Em meio às percepções e aos fatos já citados, os entrevistados, ao avaliarem a década de 1990, também destacaram:

• os processos de enxugamento;

• as perdas de direitos e o arrocho salarial; • o aumento da pressão sobre o trabalhador; • as fusões e quebras no setor;

• o forte movimento sindical e as greves “fervorosas”.

Interessante destacar que alguns dos entrevistados, ao serem indagados sobre os motivos das mudanças ocorridas em relação ao trabalho bancário, apontam para um contexto maior, ou seja, para um contexto que extrapola o banco. Nesse sentido, as mudanças são vistas como um movimento adaptativo, seja ao próprio mundo, porque “mudou o mundo. O mundo não é mais estanque” (Vagner); seja à Globalização (Maria, Mário, Adão, Vagner), “até porque, contra a Globalização, o que se espera?”; ou ao Neoliberalismo (Adão). No tocante a essa questão, os entrevistados apresentaram, de forma geral, um sentimento de impotência e de inevitabilidade, como expresso, por exemplo, na fala de Vagner:

Olha, eu não falo se ela [a mudança] é boa ou ruim, eu falo que ela é necessária. São mudanças necessárias, que não tem como evitar. E por mais que você esperneie e tal, [por mais] que [você] vai defender o seu corporativismo, chega um momento em que muda. Porque a mudança é contínua. A mudança ela vem mesmo. De uma forma ou de outra ela vem e você tem que se adaptar a ela. Não tem outro caminho... Ou você cai fora. Vem outra mudança aí? Vem! E daí? Você tem que se adaptar.

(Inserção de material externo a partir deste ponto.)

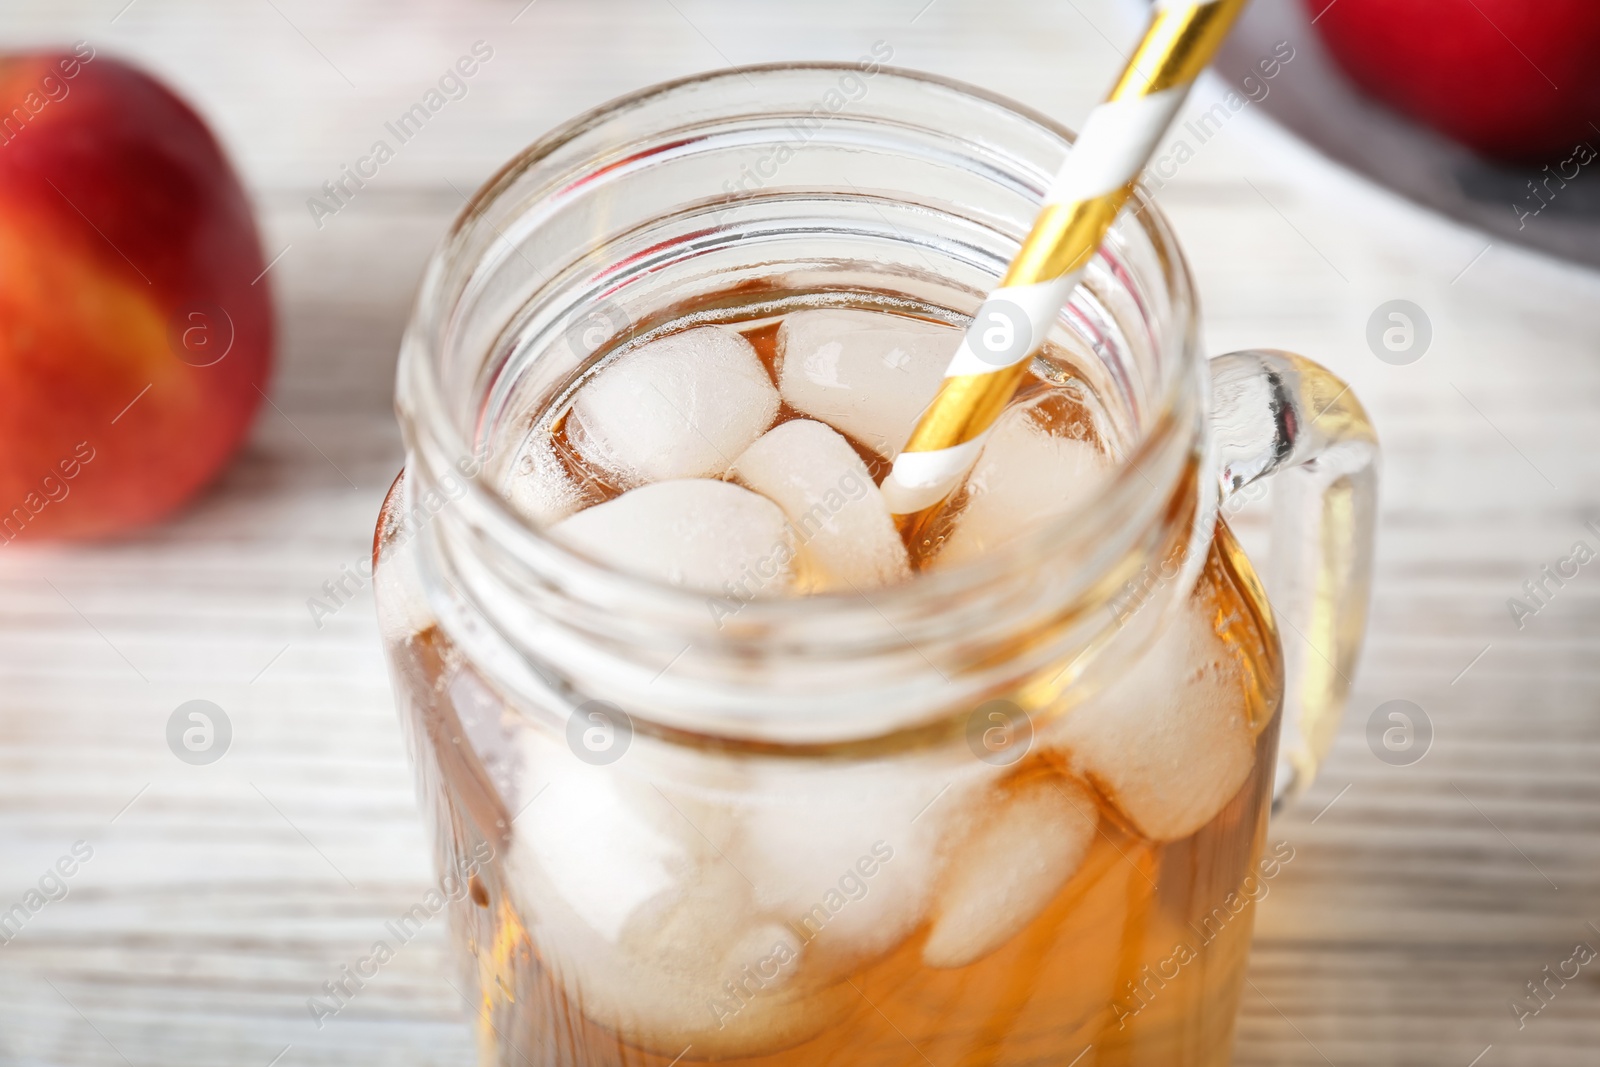 Photo of Mason jar with fresh apple juice on wooden table, closeup
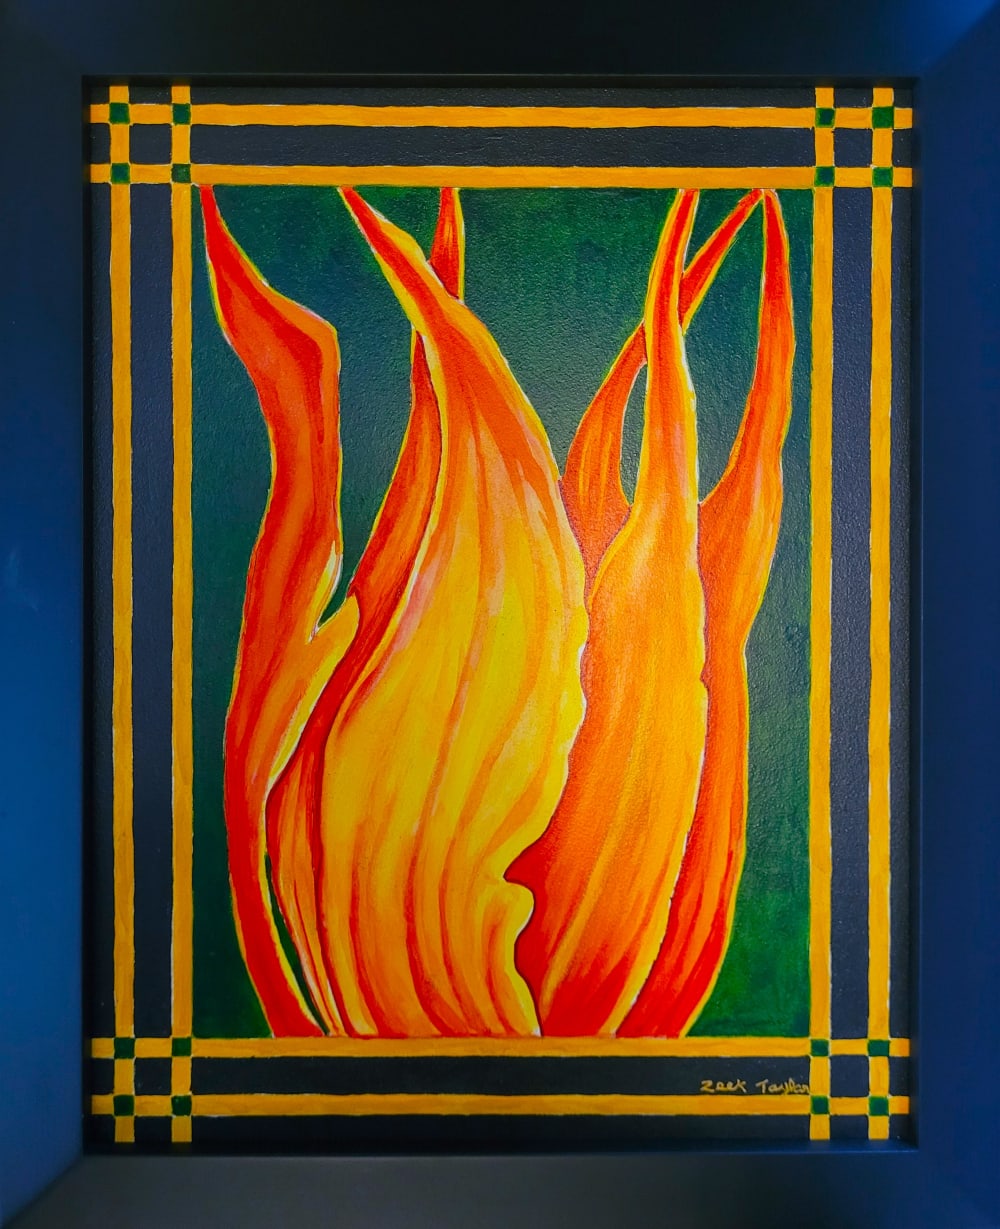 Zeek Taylor : Flame Tulip

A mudança, assim, está posta, não cabendo questionar suas determinações e seus efeitos sobre os trabalhadores. Ao sujeito isolado resta apenas a adaptação funcional às novas imposições do sistema. O não

ajustamento assume um caráter de fraqueza do indivíduo, incapaz de atender ao imperativo de adaptação. O enfrentamento ou questionamento das mudanças é caracterizado como uma atitude infantil (o espernear de uma criança) ou corporativista, por seu caráter supostamente não realista. Em última análise, percebemos aqui um processo discursivo de legitimação das mudanças.

Vale ainda destacar que, embora a década de 1990 tenha sido um momento de transição, de “bradescalização das relações” e de mudanças no perfil do banco, a lógica política parece não ter sido completamente substituída por uma lógica econômica, ao menos para João, sobretudo quando este leva em conta os fatos e acontecimentos ocorridos na alta hierarquia. Assim, em certo sentido, parece ter havido uma constante tensão entre essas duas lógicas. Dessa forma, ao destacar que a empresa continuou a cumprir o papel de “cabide de emprego”, lembra-nos que

Toda a vez que muda o governo, muda toda a diretoria. Sem contar que quando o Fernando Henrique saiu do poder. O Banco X tinha um presidente, um vice-presidente e várias diretorias. E quando ele estava para sair, ele transformou todos os diretores em vice- presidentes.